Segment Start: Entries supplied

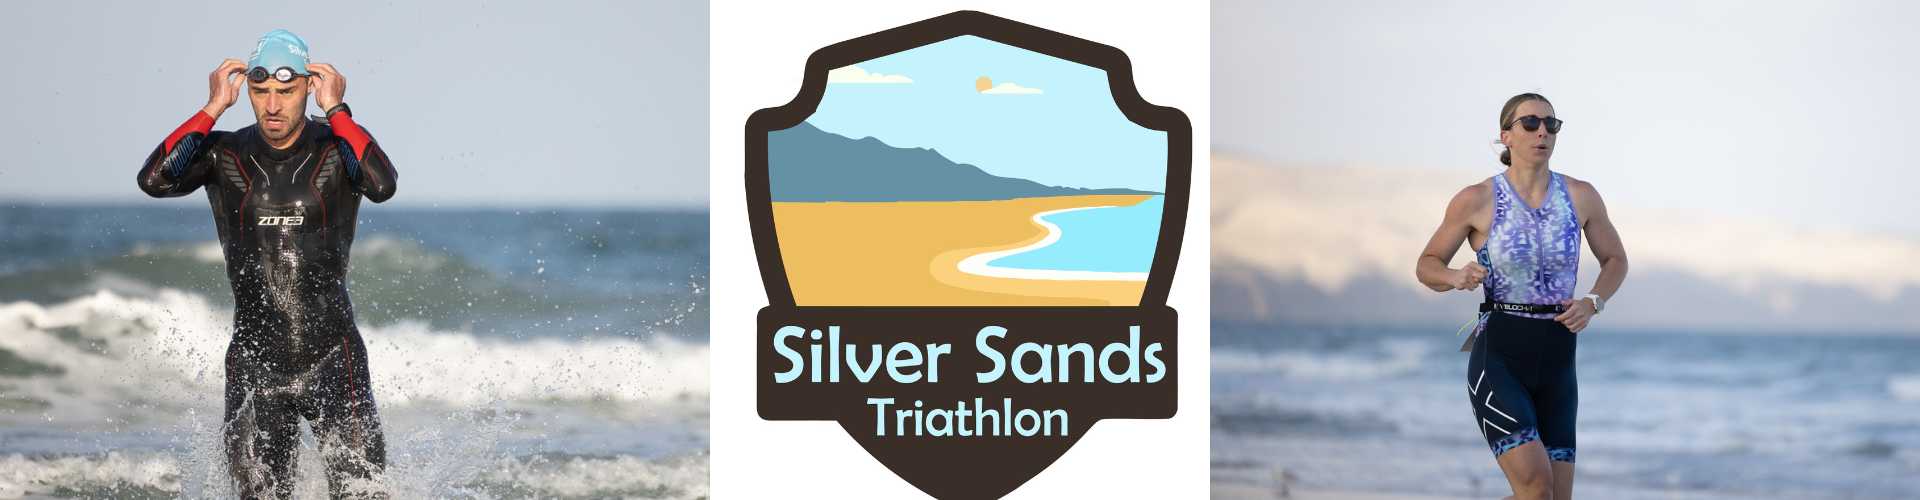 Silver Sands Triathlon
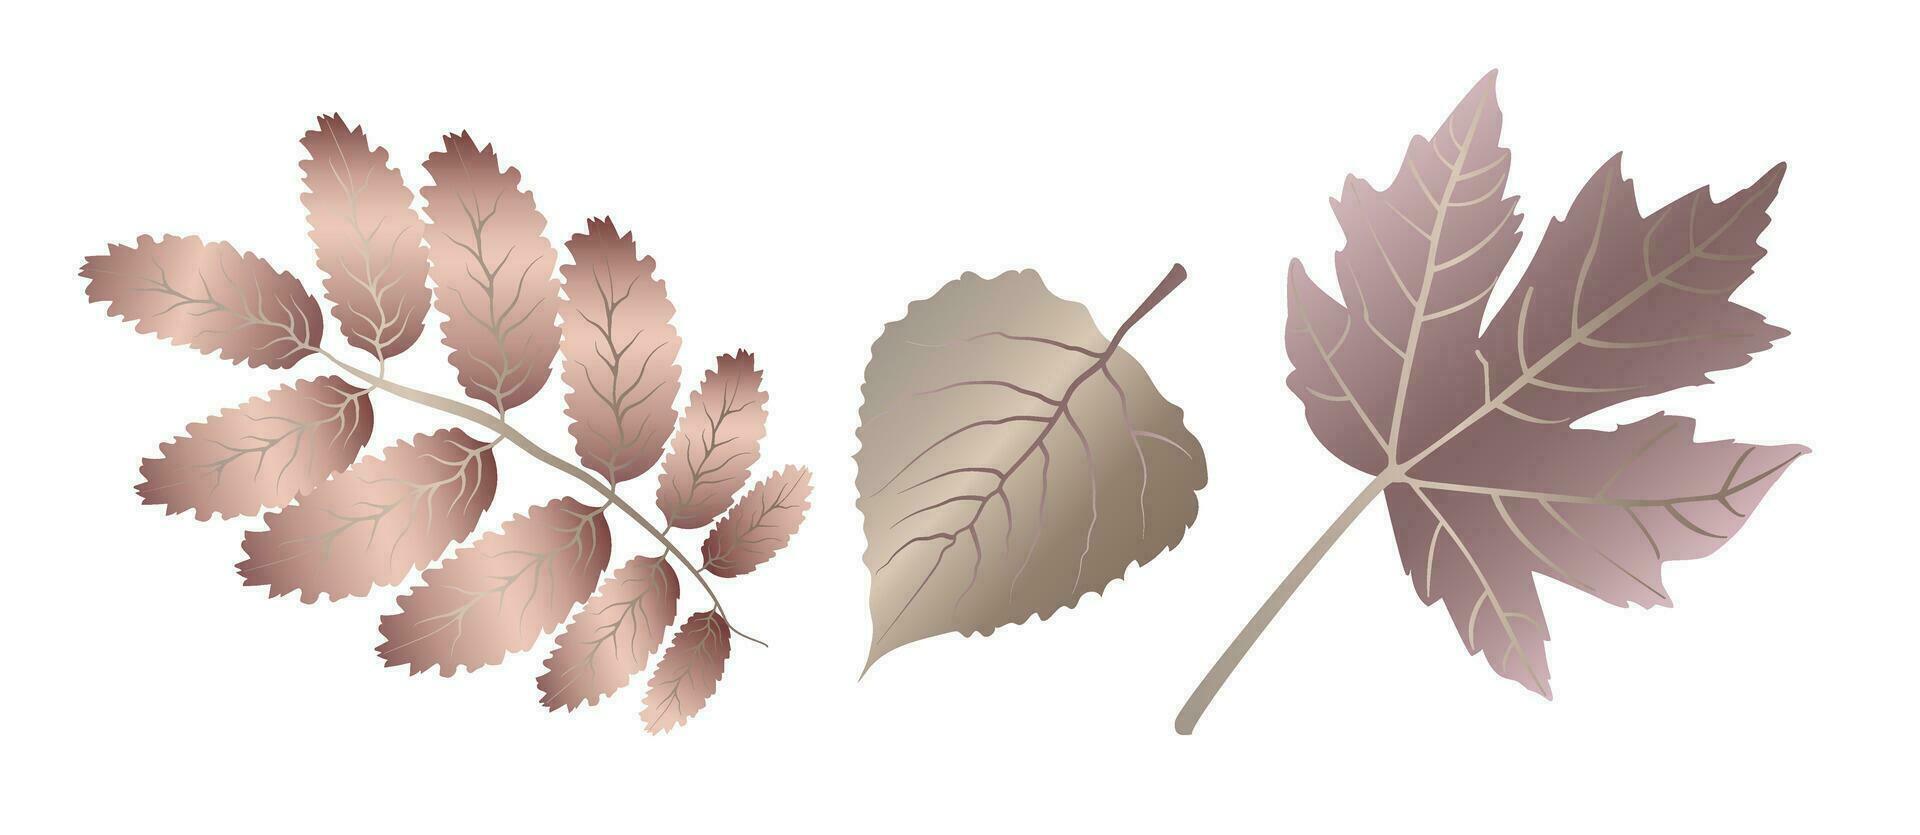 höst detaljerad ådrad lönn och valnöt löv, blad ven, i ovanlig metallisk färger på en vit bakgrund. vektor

Segment End: Entries supplied
Segment Start: Entries supplied

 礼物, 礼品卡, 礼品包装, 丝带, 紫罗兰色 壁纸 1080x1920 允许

Segment End: Entries supplied

◆ What is expected ◆
Using the data above, return the lines from the one holding "Silver Sands Triathlon" through the one holding "höst detaljerad ådrad" exactly, but not the pictures.

◆ Response to the task ◆
 Silver Sands Triathlon
 höst detaljerad ådrad lönn och valnöt löv, blad ven, i ovanlig metallisk färger på en vit bakgrund. vektor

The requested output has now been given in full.